**DIRECTIONS**
For the entries below, repeat exactly each line starting with the one that contains "Nero satisfy. Nero" and going on through the one that contains "Se recomienda que", and no others.
######
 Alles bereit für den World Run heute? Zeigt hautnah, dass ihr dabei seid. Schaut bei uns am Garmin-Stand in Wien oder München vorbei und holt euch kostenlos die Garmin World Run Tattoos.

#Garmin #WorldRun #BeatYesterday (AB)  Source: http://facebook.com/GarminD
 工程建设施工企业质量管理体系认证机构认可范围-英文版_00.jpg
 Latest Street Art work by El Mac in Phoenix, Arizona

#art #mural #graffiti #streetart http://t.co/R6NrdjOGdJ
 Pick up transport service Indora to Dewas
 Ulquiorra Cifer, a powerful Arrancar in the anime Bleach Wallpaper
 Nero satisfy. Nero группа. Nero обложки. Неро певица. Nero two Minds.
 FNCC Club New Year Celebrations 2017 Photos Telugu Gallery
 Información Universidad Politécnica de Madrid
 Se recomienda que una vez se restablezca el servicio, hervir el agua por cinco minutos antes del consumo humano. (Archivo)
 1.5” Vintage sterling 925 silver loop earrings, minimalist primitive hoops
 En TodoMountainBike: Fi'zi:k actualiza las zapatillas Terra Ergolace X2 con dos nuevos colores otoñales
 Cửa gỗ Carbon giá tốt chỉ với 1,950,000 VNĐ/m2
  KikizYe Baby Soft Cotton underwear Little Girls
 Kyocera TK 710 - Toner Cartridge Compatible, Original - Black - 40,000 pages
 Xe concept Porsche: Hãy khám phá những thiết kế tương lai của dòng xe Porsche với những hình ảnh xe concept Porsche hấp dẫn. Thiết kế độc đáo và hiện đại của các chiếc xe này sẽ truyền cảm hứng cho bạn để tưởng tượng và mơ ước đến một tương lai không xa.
######
**RESPONSE TO THIS EXERCISE**
 Nero satisfy. Nero группа. Nero обложки. Неро певица. Nero two Minds.
 FNCC Club New Year Celebrations 2017 Photos Telugu Gallery
 Información Universidad Politécnica de Madrid
 Se recomienda que una vez se restablezca el servicio, hervir el agua por cinco minutos antes del consumo humano. (Archivo)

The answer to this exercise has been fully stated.